# What constitutes a brood break?



## ericweller (Jan 10, 2013)

All,
I have heard the term "brood break" thrown around a lot and understand the concept but how long without a queen constitutes a "brood break"?
Are there any other ways to simulate a brood break besides removing the queen?
Thanks!


----------



## philip.devos (Aug 10, 2013)

ericweller said:


> All,
> I have heard the term "brood break" thrown around a lot and understand the concept but how long without a queen constitutes a "brood break"?
> Are there any other ways to simulate a brood break besides removing the queen?
> Thanks!


In the context of interrupting the breeding of varroa, when there is no capped or upcapped brood in the hives, this is a brood break. Any varroa will live out it's life cycle, and will not be able to produce young varroa.


----------



## grozzie2 (Jun 3, 2011)

A brood break means they need a period of time when there is no brood in the hive. Some folks say it's a great way of slowing mite growth. Others (including myself) consider it a great way to set back the hive dramatically, possibly setting the bees back more than the mites. To reach no brood in the hive means you have to go without a queen laying for 21 days. If you have a period with no laying for 21 days, then the queen starts laying again, the last drone egg deposited in a cell will have emerged just before the first egg laid hatches to become an open brood cell.

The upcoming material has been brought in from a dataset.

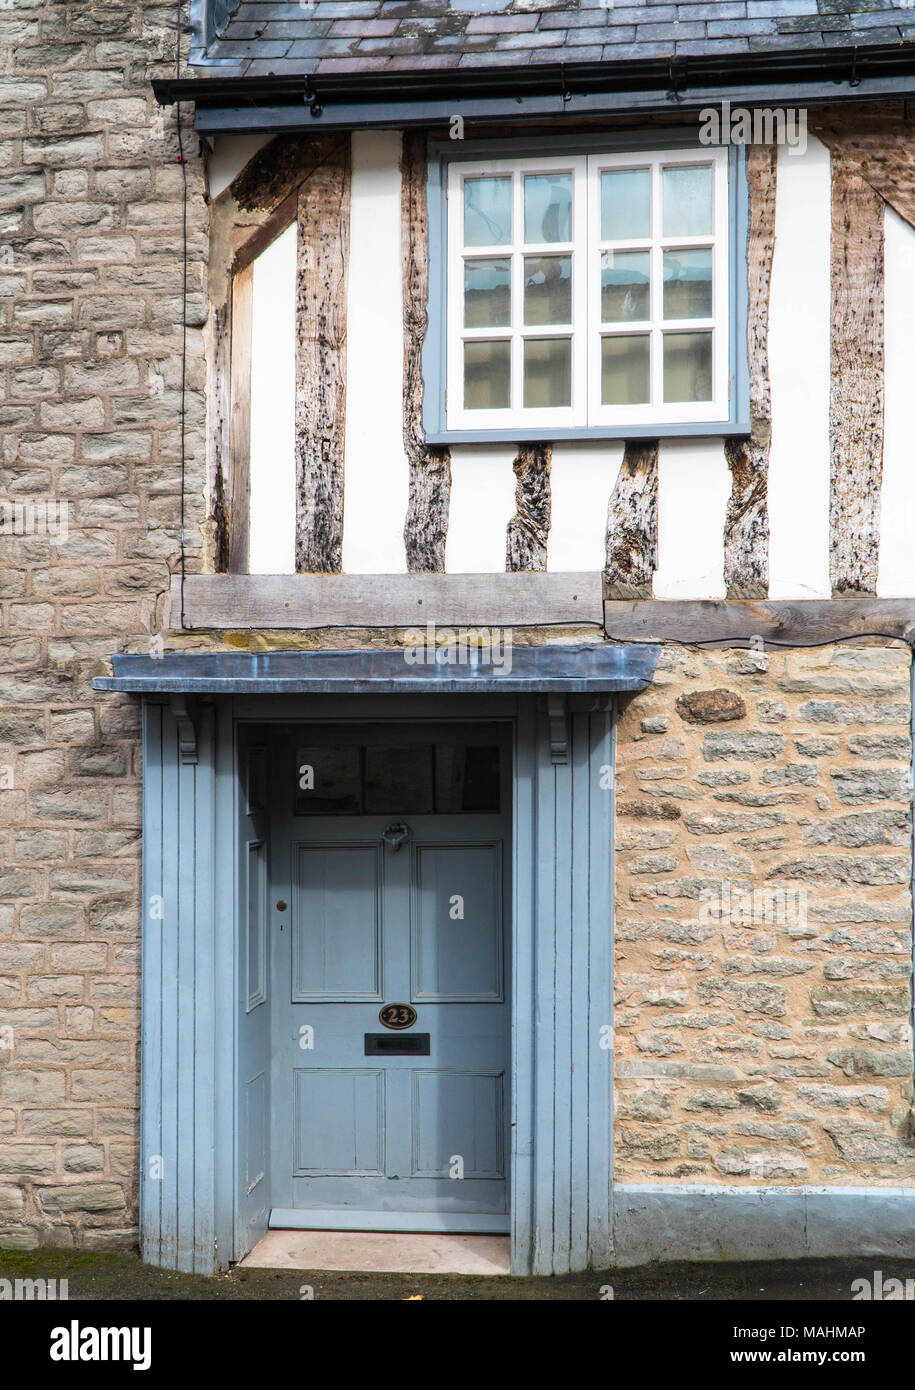 Porte d'immeuble en pierre traditionnelle britannique. Hay-on-Wye Herefordshire UK. Mars 2018 Banque D'Images

Now if you want to use the brood break as a mite control method combined with use of a miticide of some type, then there are ways of optimizing. A worker cell will remain capped for 11 days, and a drone cell for 14 days. If you stop the queen from laying for 16 days then allow her to start laying again, 8 days later all capped brood (including drones) will be emerged, and there will be no brood capped in the hive. This gives a very short window of opportunity to put a miticide in the hive before they have a chance to hide under a brood cap. There can be no mites hiding under capped brood, they will all be phoretic, so a single application should do the trick. But, that still leaves the colony short on brood, with bee dieing off at a normal rate, so 21 days after you stop the queen from laying, no more workers emerging, normal die-off rates still happening, population will drop off for a couple of weeks.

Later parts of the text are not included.